Paper short abstract:
This paper explores some scenes of intimate memorialisation in central Australia, approached as emplacing processes of precarious 'holding-on': entanglements of digital and tangible materials, a daughter’s grief and the affordances of friendship in animations of remembered care, labour and love.
Paper long abstract:
In the wake of the death of a relatively successful senior town camp documentary painter, her surviving daughter, her widow, her grandsons, her brother and some extended family and I worked slowly together to conjure poignant past family events and remembered places in animated and immersive ‘expanded cinema’ media forms. In parallel, the family regularly decorated and dreamed of ‘fixing up’ her grave and her other daughter’s resting place in the same cemetery with ‘proper’ headstones, and of marking their birth places in some way. Enduring states of ‘feeling lonely’ for the deceased, abandoned settlement infrastructures, unfinished enterprises, water scarcity, disappearances, dashed hopes and disappointments sit at the heart of our collaborative experimental memorial work. Unwavering Christian faith and spirit communication led their way in both endeavours.

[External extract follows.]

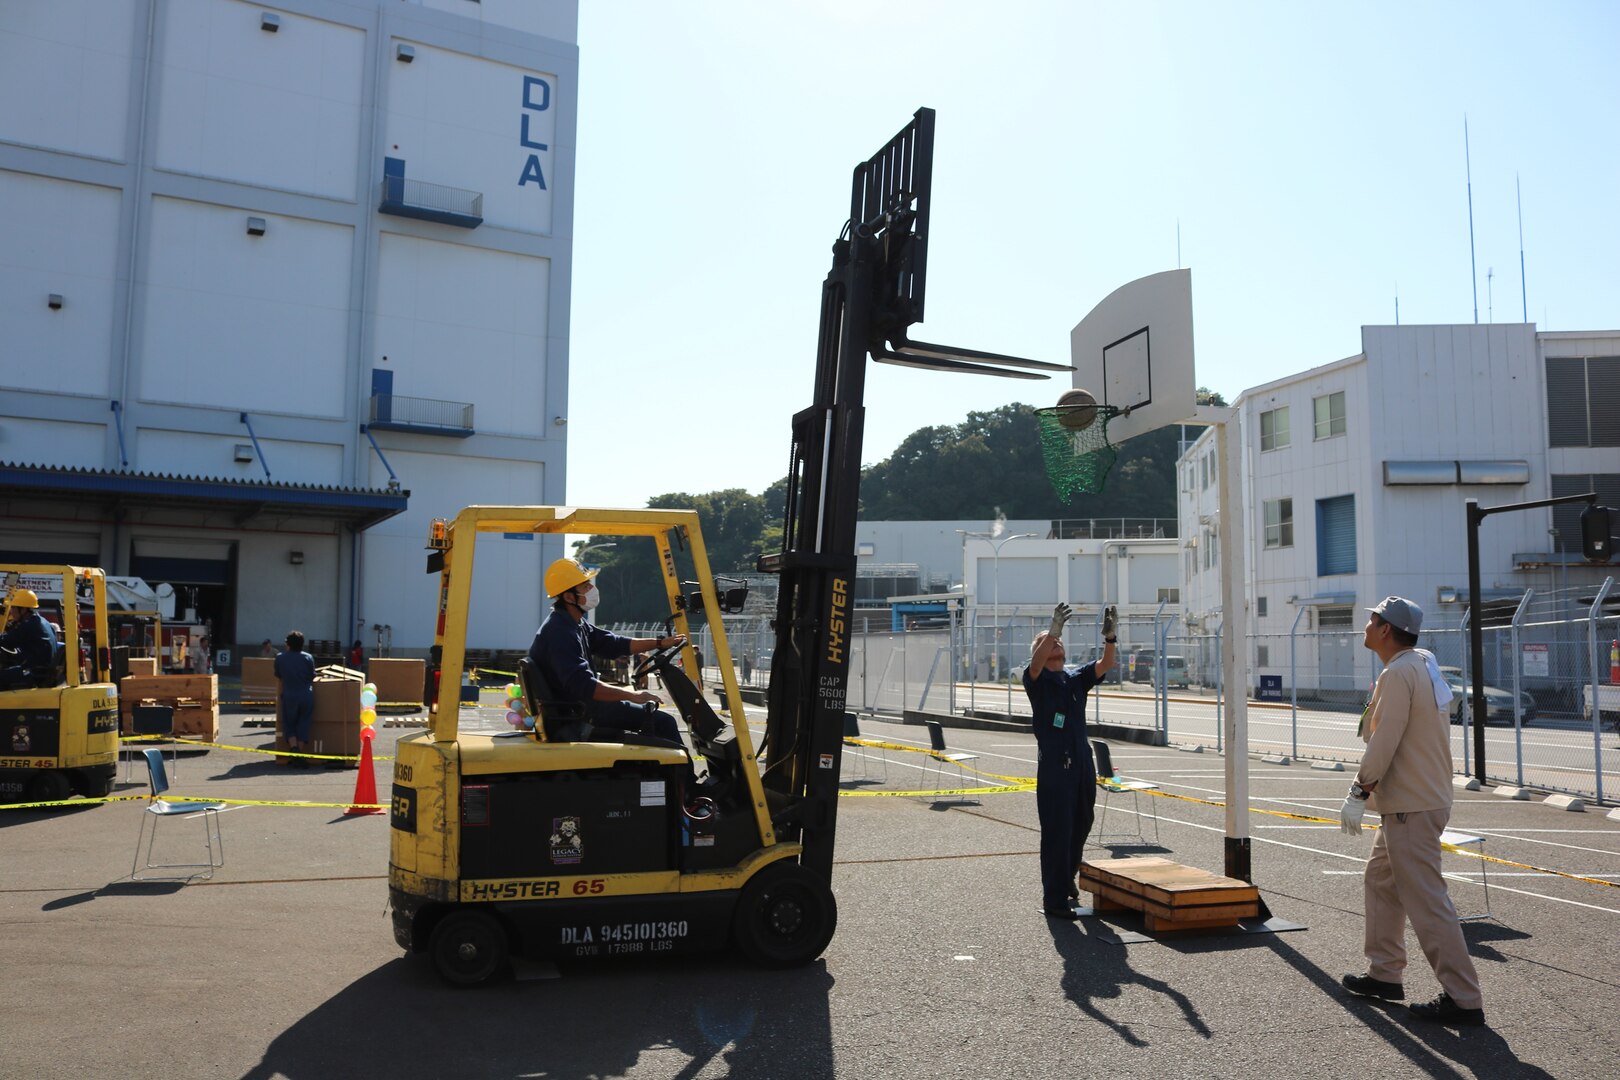 Participants use a forklift to shoot a basketball through a hoop during DLA Distribution Yokosuka's annual Forklift Rodeo.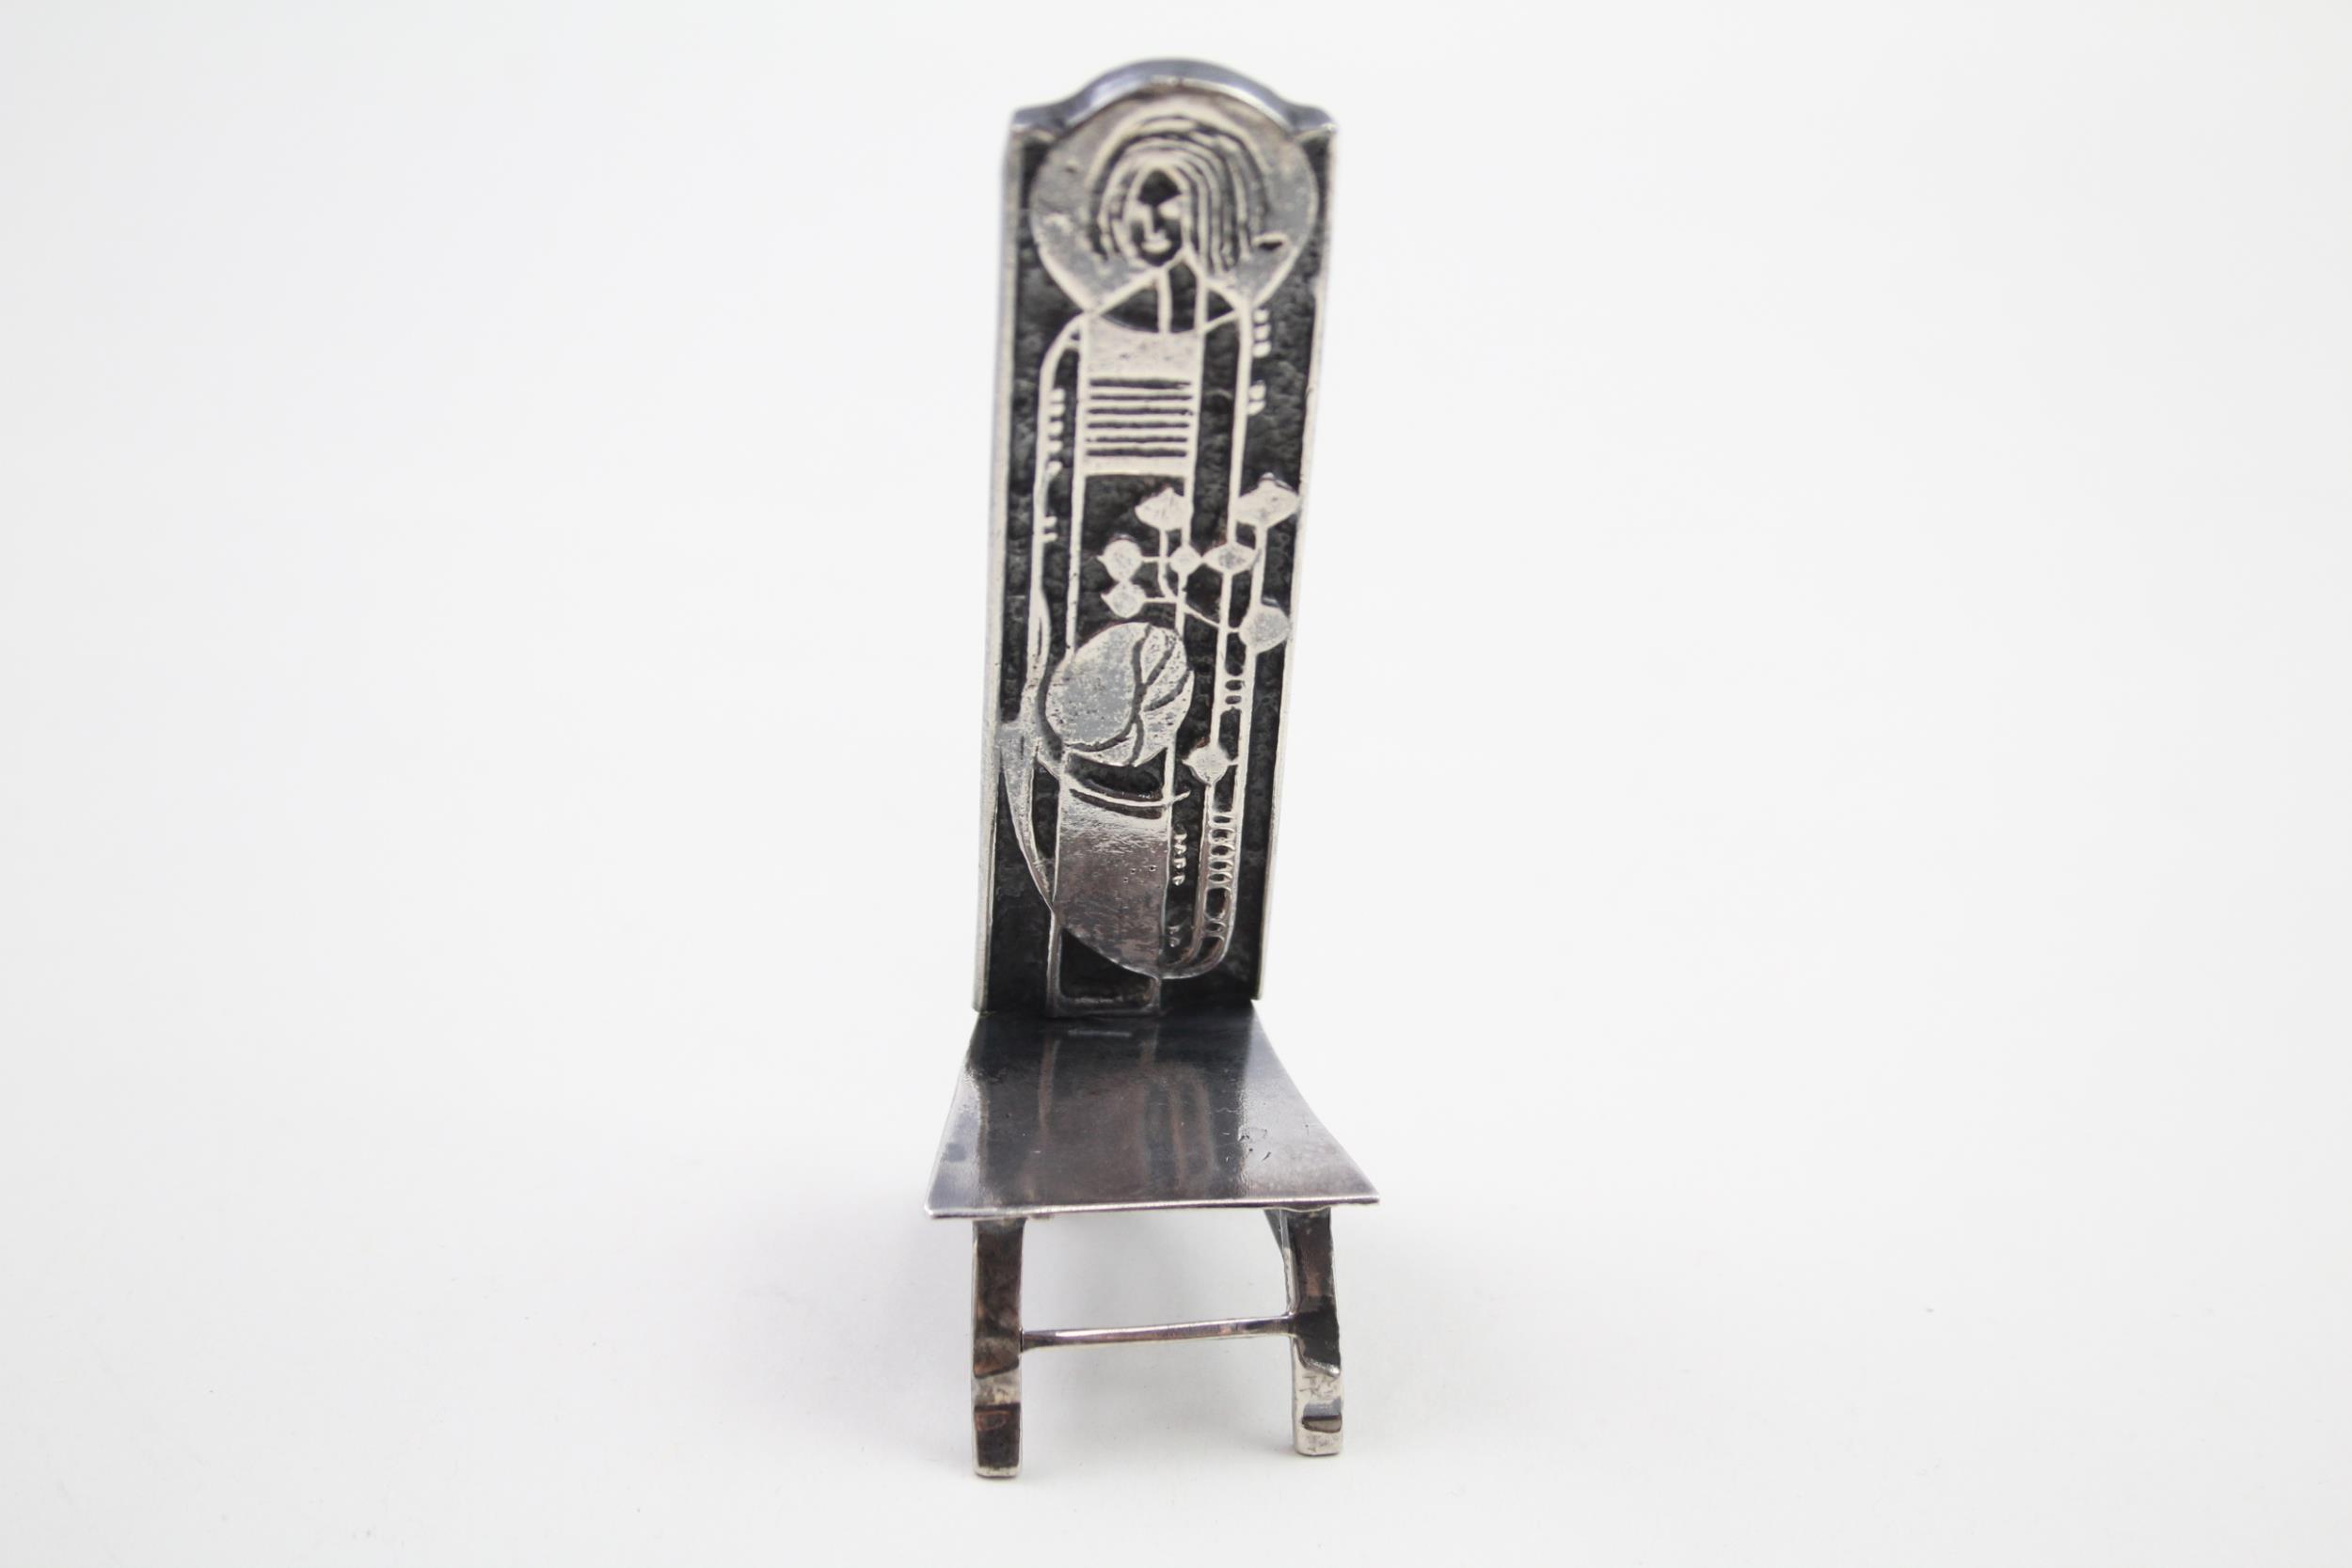 Vintage .950 Silver Art Nouveau Style Miniature Chair (43g) - XRF TESTED FOR PURITY Height - 9cm

This paper stages some ethnography of these intimate memorialisations unfolding in the margins of central Australian social history. I approach these materialisations of memory - an animation of avian predation and canine care, a small film about invisible labour, and some brick cairns - as emplaced and emplacing processes of quietly holding-on, of making sanctuary; tactics of survivance amidst the exhausting demands of post-Land Rights displacement and precarious living, consolidating social and economic resources against erasure and the risk of forgetting.